John Hempton co-founder of the Sydney, Australia-based Bronte Capital hedge fund, wrote in a blog post Thursday that GE’s 14.7% average profit margin in recent years was in line with the returns of its industrial peers, not ‘too good to be true’ as Markopolos alleges.
‘GE remains the unequivocal leader’ in medical imaging and jet engines and its currently depressed profit margin will likely rebound, he wrote, adding, ‘Harry’s report is silly. The market should ignore it.’
GE’s full statement in response to allegations of accounting fraud
‘The claims made by Mr. Markopolos are meritless. The Company has never met, spoken to or had contact with Mr. Markopolos, and we are extremely disappointed that an individual with no direct knowledge of GE would choose to make such serious and unsubstantiated claims. GE operates at the highest level of integrity and stands behind its financial reporting. We remain focused on running our businesses every day, following the strategic path we have laid out.
‘Mr. Markopolos openly acknowledges that he is compensated by unnamed hedge funds. Such funds are financially motivated to attempt to generate short selling in a company’s stock to create unnecessary volatility. The report states that his company ‘entered into an agreement with a third-party entity to review an advanced copy of the Report in exchange for later-provided compensation….those positions taken by the third-party entity are designed to generate profits should the price of GE securities decrease’ and ‘members of the Company are personally in possession of securities, derivatives, and/or other financial instruments of, and/or relating to, GE, which may generate profits should the price of GE securities decrease.’
Addressing Mr. Markopolos’ allegations:
· GE Insurance: We believe that our current reserves are well-supported for our portfolio characteristics, and we undertake rigorous reserve adequacy testing every year. The future implementation of the GAAP insurance accounting standard does not align GAAP and statutory reserves as Mr. Markopolos alleges, but rather will be dependent on a number of variables that will not affect statutory accounting, which drives our funding requirements.

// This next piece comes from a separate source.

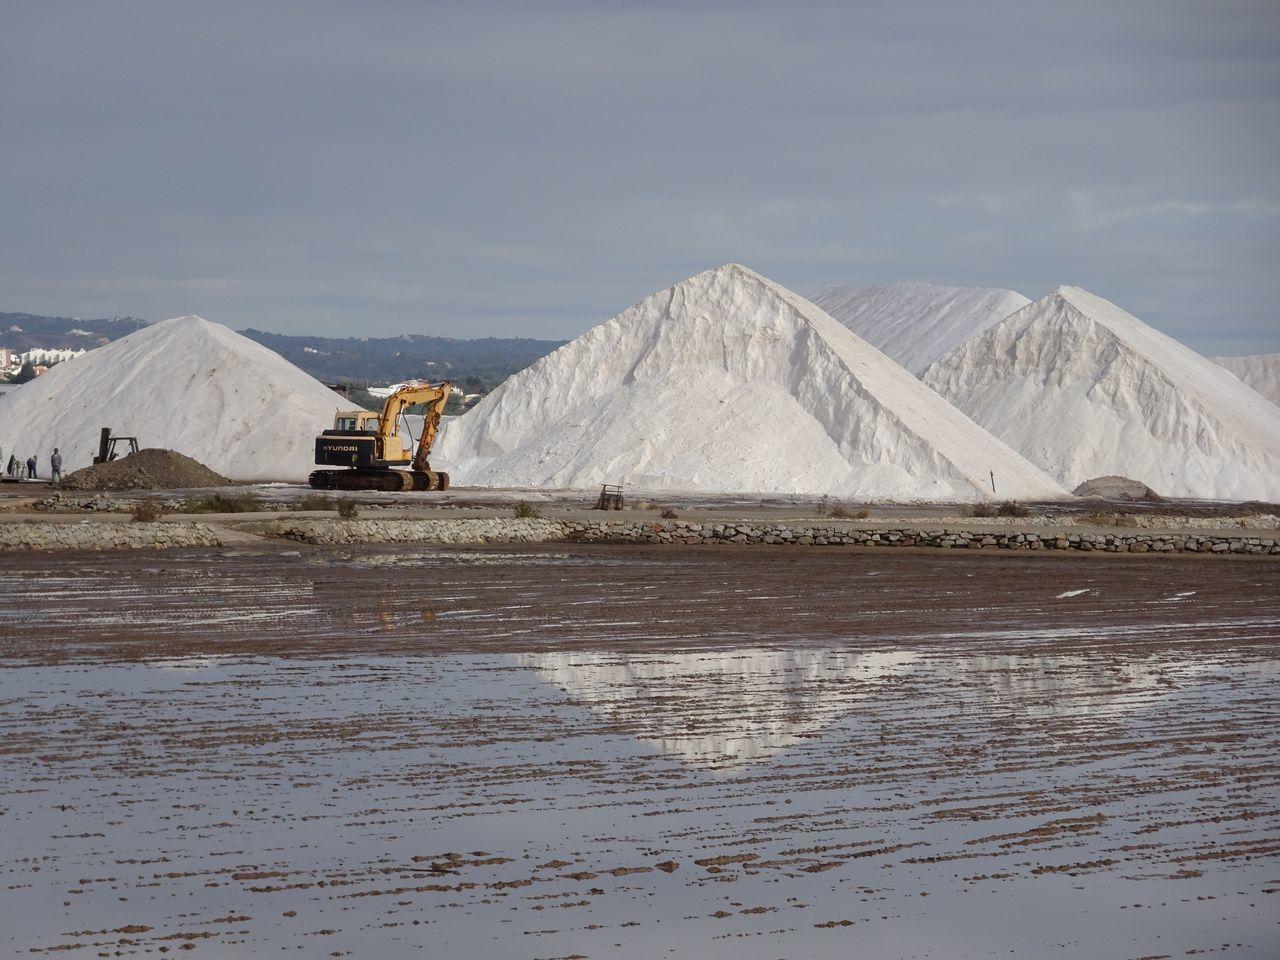 Mining Salt Basin Salt - Mineral Nature Heap Salt Flat No People Sky Day Outdoors Coal Mine Beauty In Nature

· BHGE accounting: As a majority shareholder of BHGE, we are required to report BHGE on a consolidated basis under U.S. GAAP, contrary to what Mr. Markopolos alleges. Further, consolidation of BHGE by GE includes additional disclosure of BHGE’s results made through BHGE segment results reporting in the notes to GE’s consolidated financial statements. BHGE is also a stand-alone SEC registrant with its own separate SEC filings under Form 10-Q and 10-K as a separate company. In the most recent 10Q, GE disclosed the loss upon deconsolidation of BHGE from a sale of our interest (taking us below our current majority position) would be approximately $7.4B as of July 26, 2019.
· GE’s liquidity: Contrary to Mr. Markopolos’ allegations, GE continues to maintain a strong liquidity position, committed credit lines, and several executable options to monetize assets. The Company ended the second quarter with $16.9B of Industrial Cash excluding BHGE, $12.5B of liquidity at GE Capital and access to $35B of credit facilities. As it relates to GE’s leverage targets, as the Company has previously stated during 2Q earnings, it expects to make significant progress towards these goals by the end of 2020.